Task statement >> Read through the material below and find each line that has the word "Basic"; copy it.

Records provided >>
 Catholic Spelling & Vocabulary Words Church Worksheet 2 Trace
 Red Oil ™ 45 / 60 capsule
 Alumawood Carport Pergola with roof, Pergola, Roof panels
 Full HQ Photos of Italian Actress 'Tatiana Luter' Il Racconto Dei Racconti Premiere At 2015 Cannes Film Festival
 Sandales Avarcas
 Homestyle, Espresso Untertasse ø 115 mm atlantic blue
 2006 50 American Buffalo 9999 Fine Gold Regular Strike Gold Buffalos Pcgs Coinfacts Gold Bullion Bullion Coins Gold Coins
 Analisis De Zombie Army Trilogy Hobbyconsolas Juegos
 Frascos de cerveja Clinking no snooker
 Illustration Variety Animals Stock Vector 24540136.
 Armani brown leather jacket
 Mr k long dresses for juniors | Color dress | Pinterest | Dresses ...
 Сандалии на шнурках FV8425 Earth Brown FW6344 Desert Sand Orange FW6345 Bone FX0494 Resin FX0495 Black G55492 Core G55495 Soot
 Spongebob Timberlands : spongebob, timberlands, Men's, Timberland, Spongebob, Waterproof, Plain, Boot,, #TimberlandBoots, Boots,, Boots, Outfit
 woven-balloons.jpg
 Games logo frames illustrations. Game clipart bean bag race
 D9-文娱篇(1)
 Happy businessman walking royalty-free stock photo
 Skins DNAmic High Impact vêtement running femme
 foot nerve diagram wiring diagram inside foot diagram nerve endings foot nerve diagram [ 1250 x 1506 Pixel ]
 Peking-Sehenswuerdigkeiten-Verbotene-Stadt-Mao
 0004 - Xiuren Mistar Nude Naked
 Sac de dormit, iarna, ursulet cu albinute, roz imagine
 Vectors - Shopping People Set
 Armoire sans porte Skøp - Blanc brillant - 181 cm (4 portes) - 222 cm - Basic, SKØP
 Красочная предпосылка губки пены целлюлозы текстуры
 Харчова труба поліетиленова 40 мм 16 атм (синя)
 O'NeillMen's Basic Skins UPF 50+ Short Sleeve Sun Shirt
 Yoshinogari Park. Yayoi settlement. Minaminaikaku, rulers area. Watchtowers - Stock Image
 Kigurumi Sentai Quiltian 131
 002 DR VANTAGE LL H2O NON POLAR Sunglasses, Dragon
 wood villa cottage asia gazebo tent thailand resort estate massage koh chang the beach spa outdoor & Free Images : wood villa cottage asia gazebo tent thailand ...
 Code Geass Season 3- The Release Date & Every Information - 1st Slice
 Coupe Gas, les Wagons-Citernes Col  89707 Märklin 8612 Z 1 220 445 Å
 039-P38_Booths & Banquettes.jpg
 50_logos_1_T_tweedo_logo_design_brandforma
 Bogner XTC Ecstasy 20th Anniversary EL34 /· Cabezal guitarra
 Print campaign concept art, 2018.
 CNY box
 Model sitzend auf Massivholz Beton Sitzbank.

Your response >>
 Armoire sans porte Skøp - Blanc brillant - 181 cm (4 portes) - 222 cm - Basic, SKØP
 O'NeillMen's Basic Skins UPF 50+ Short Sleeve Sun Shirt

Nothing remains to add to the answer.